상기 본 발명의 상세한 설명에서 행해진 구체적인 실시 양태 또는 실시예는 어디까지나 본 발명의 기술 내용을 명확하게 하기 위한 것으로 이러한 구체적 실시예에 한정해서 협의로 해석해서는 안되며, 본 발명의 정신과 다음에 기재된 특허 청구의 범위내에서 여러가지 변경 실시가 가능한 것이다.The specific embodiments or examples made in the detailed description of the present invention are intended to clarify the technical contents of the present invention to the extent that they should not be construed as limited to these specific embodiments and should not be construed in consultation. Various changes can be made within the scope of.

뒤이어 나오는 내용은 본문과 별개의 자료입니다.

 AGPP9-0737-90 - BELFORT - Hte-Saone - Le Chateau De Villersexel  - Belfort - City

이상에서 상세히 설명한 바와같이 본 발명은, 특정 음성인식 관련 분야별로 언어모델 확률값을 대표할 수 있는 대표 단어를 설정하고, 추가할 단어가 추가사전리스트에 존재하는지의 유무에 따라 대표단어의 언어모델 확률값을 나머지 단어에 대하여 적용함으로써,언어모델 구축에 필요한 코퍼스 생성시간 및 작업량을 감소시키는 우수한 효과를 가진다.As described in detail above, the present invention sets a representative word that can represent a language model probability value for each specific speech recognition-related field, and determines the language model probability value of the representative word depending on whether or not the word to be added exists in the additional dictionary list. By applying to the remaining words, it has an excellent effect of reducing the corpus generation time and work required for building the language model.

Claims

Selecting a speech recognition application field by the user;

Expressing sentences of various patterns corresponding to the speech recognition application field in grammar;

Setting a representative word corresponding to the speech recognition application field;

Generating various text corpus using the representative word and grammar;

Generating a language model using the various text corpus;

And a method of mapping a word corresponding to the representative word and the same field to an additional dictionary list.

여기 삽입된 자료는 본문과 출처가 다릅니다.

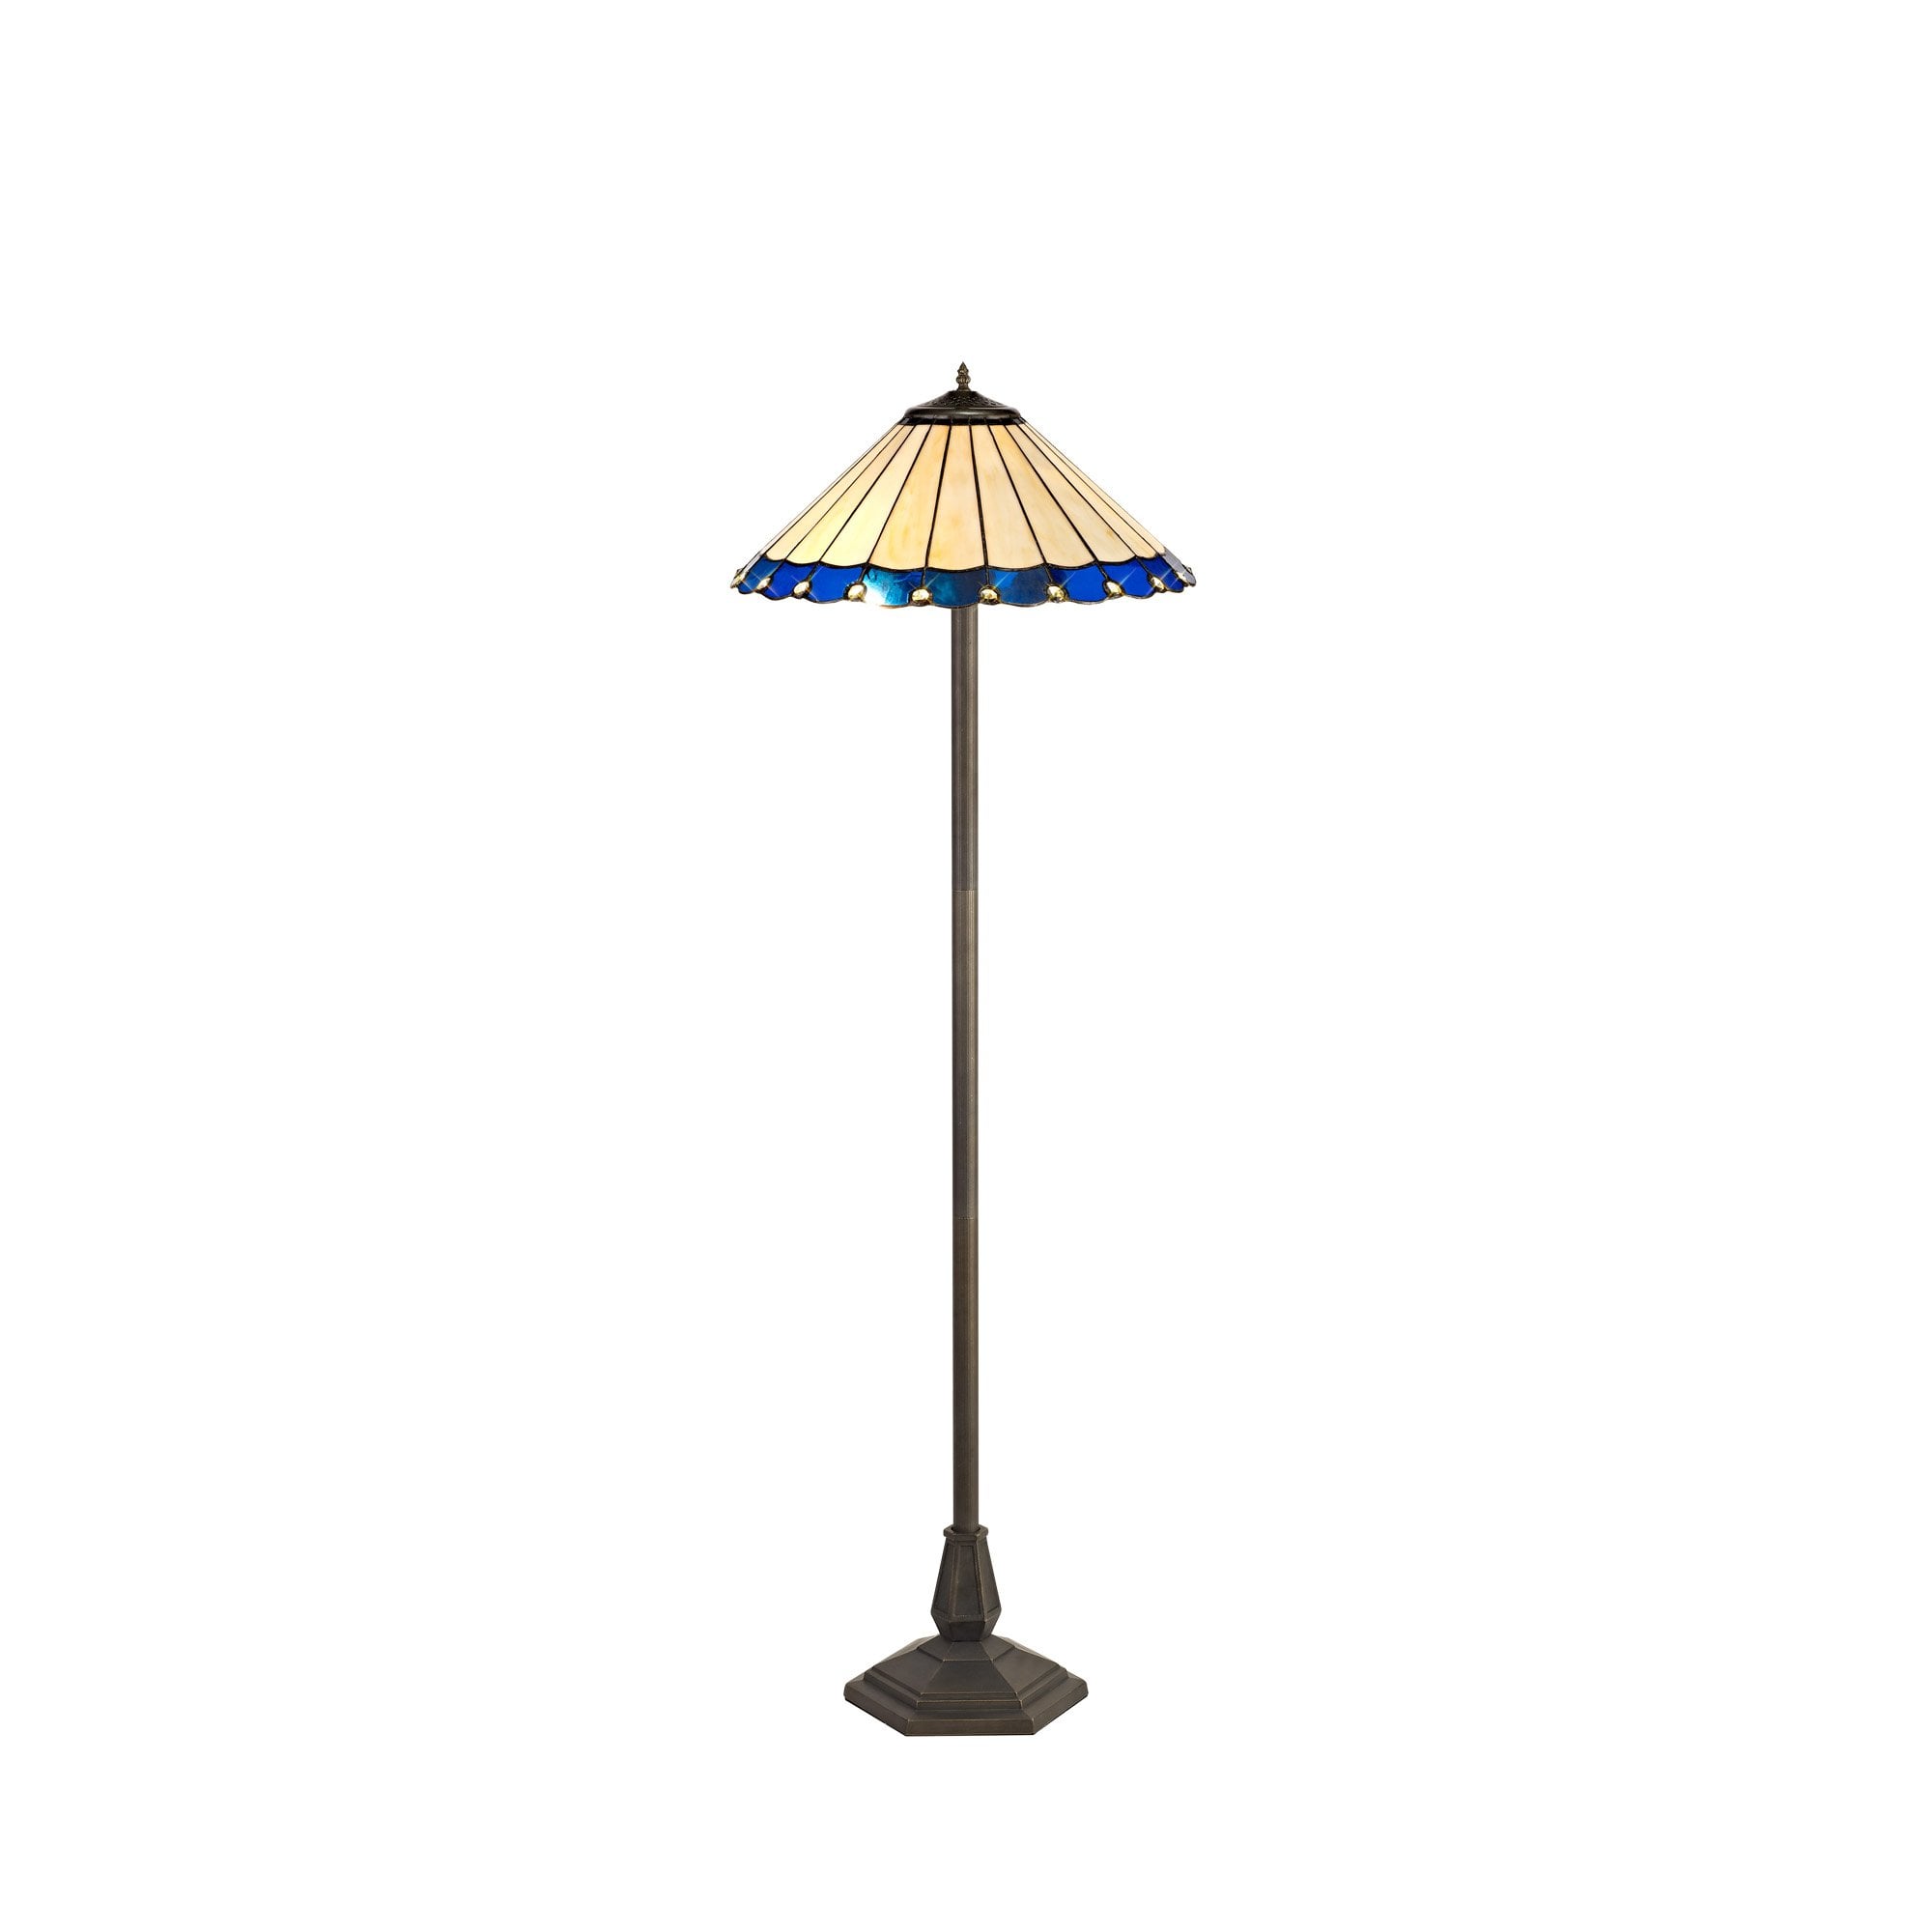 2 Light Octagonal Floor Lamp E27 With 40cm Tiffany Shade, Blue/Cream/Crystal/Aged Antique Brass

The method of claim 1, wherein the setting of the representative word comprises:

Analyzing the underlay of the representative word, and classifying the representative words based on the result of the analysis.

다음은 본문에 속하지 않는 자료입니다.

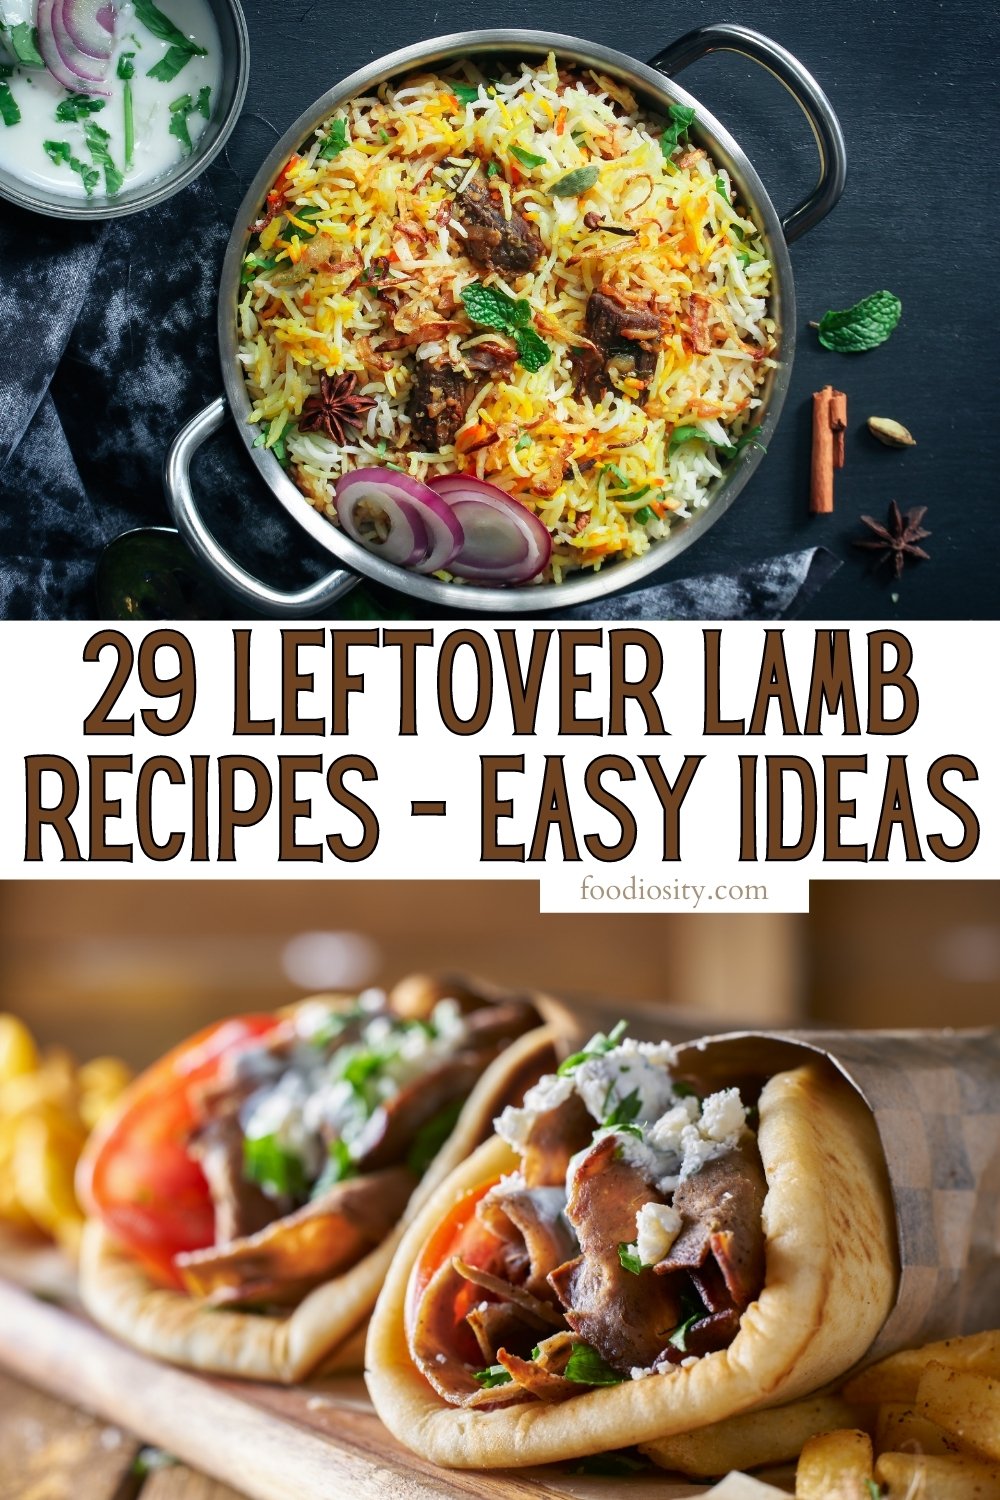 29 Leftover Lamb Recipes - Easy Dinner Ideas - Foodiosity

The method of claim 1, further comprising updating a language model by reflecting words added to the list of additional dictionaries.

The method of claim 1, wherein the mapping of the word to the additional dictionary list comprises:

Determining whether a word to be added exists in an additional dictionary list;

Setting a language model value of the word to be added as a language model value of a representative word of a speech recognition application field including the word to be added if the word to be added does not exist in the additional dictionary list as a result of the determination;

As a result of the determination, if the word to be added is present in the additional dictionary list, the language model value of the word to be added is determined according to the correlation between the speech recognition application field including the word to be added and the speech recognition application field including the existing word. A continuous speech recognition language model building method comprising the step of setting a model value.

5. The method of claim 4, further comprising the step of presetting correlations of speech recognition applications.

The method of claim 4, wherein the setting of the language model value according to the association comprises:

If the speech recognition application of the word to add and the speech recognition application of the existing word are not correlated with each other,

And setting the language model value of the representative word of the speech recognition application field including the word to be added.

If the speech recognition application of the word to add and the speech recognition application of the existing word are correlated,

Compare the language model value of the representative word in the speech recognition application field containing the word to be added with the language model value of the existing word, and reset the language model value of the word to be added with the larger value of the language model value A continuous speech recognition model building method comprising the step of.